It has been reported that autophagy was associated with the development of animal uveitis models [30, 31]. However, the role of autophagy in the pathogenesis of human uveitis is still unknown. In this study, we first detected the activity level of autophagy in DCs from active and inactive BD patients. The results showed that the autophagosomes were found in DCs from active BD patients. Furthermore, we found that as compared with inactive BD patients and healthy controls, the protein levels of two important markers of autophagy activity, Beclin-1 and LC3-II, were significantly increased in DCs derived from active BD patients. Additionally, the protein expression level of P62 was significantly increased in DCs of active BD patients as compared with inactive BD patients and healthy controls, which indicated that there is an increased number of autophagosomes but a concurrent buildup of autophagic degradation products.

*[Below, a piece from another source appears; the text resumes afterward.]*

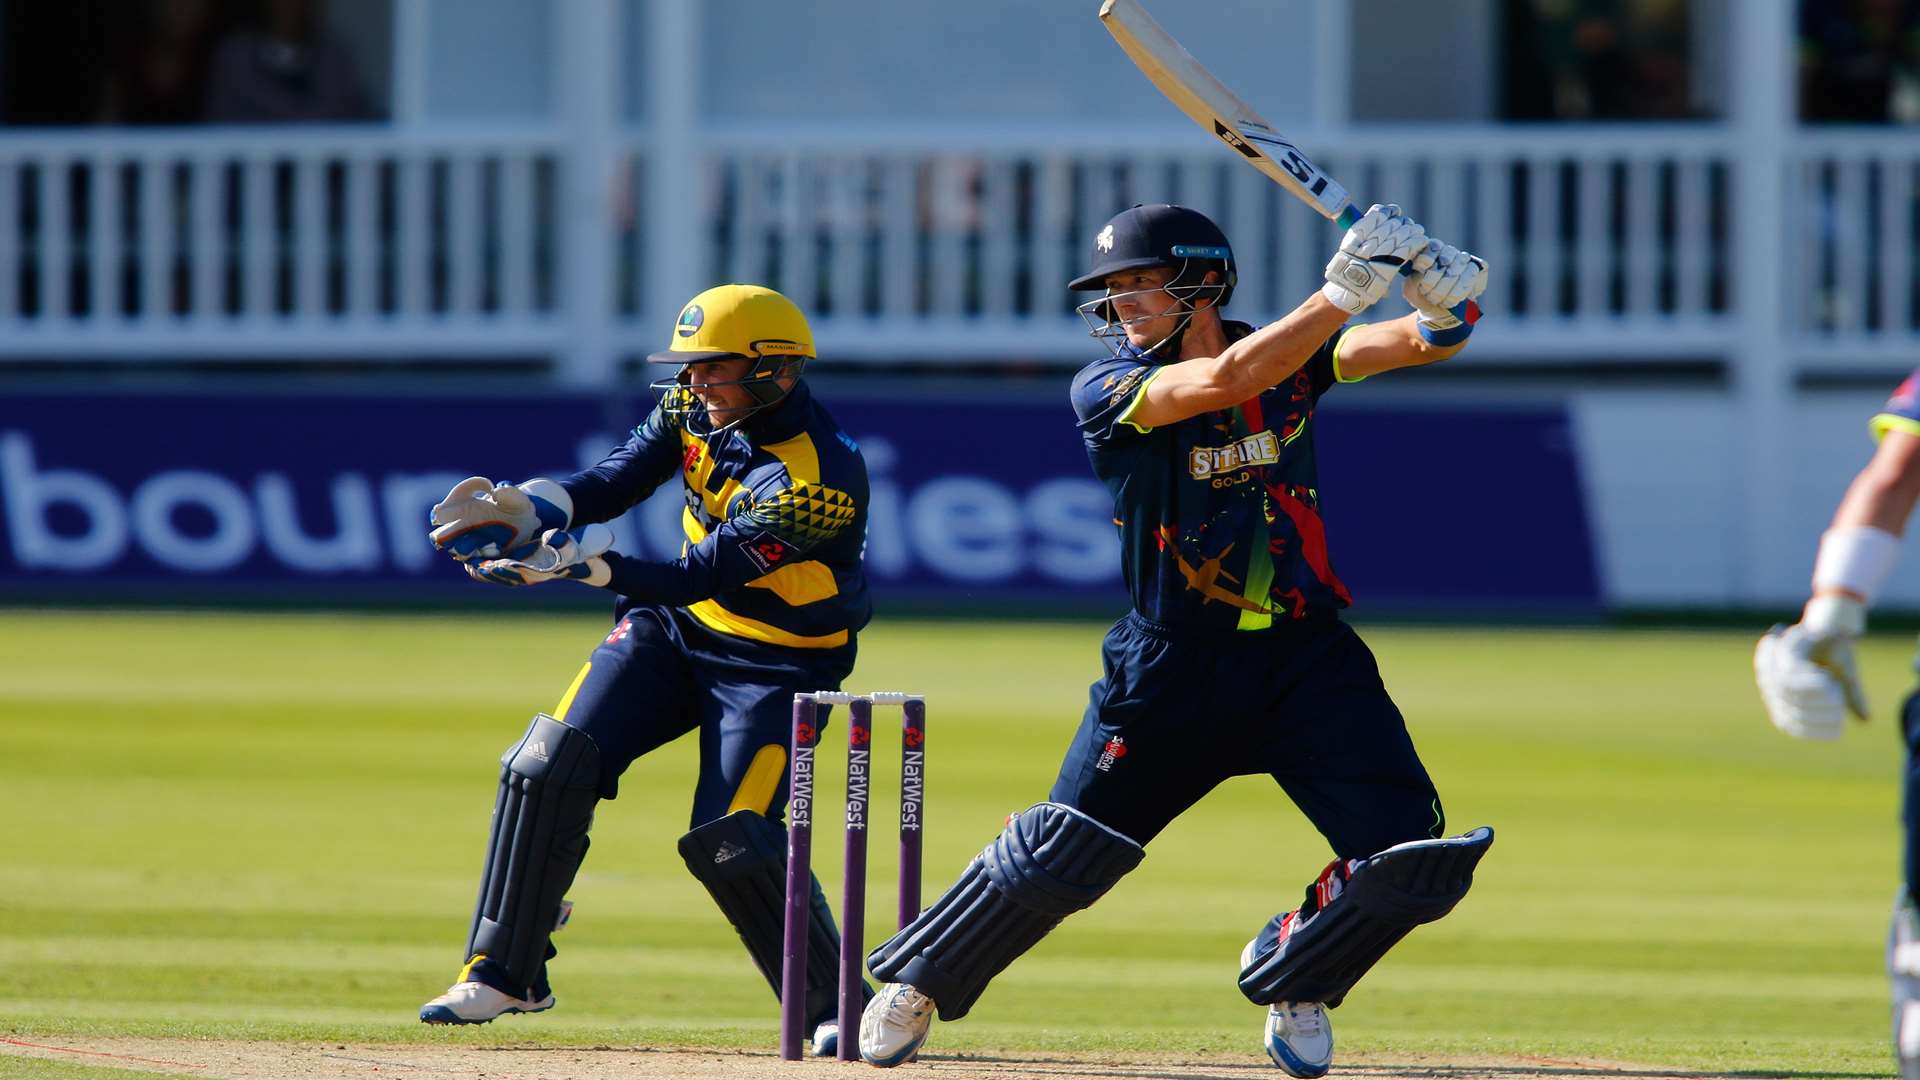 Joe Denly made 68 against Glamorgan, but Kent suffered a 25-run defeat. Picture: Andy Jones.

In view of the impaired autophagic flux in DCs of active BD patients, we further examined if the activity of autophagy is associated with the cytokine production by DCs. Our results showed that compared with healthy controls, the production of TNF-α, IL-6, and IL-1β by DCs from active BD patients stimulated with LPS were significantly increased. We also showed that the autophagy inhibitor (3-MA) or promoter (rapamycin) could upregulate or downregulate the production of TNF-α, IL-6, and IL-1β. These results proved that the autophagy activity level correlated with the production of cytokines by DCs. These results are consistent with previous studies showing that IL-1β, IL-17, and IL-18 levels were downregulated in murine DCs after autophagy was inhibited [32]. Others showed that the production of IL-6, IFN-β, and TNF-α by DCs were decreased after Beclin-1 was knocked out [33]. These results indicate that a defective control of autophagy may trigger cytokine production by DCs.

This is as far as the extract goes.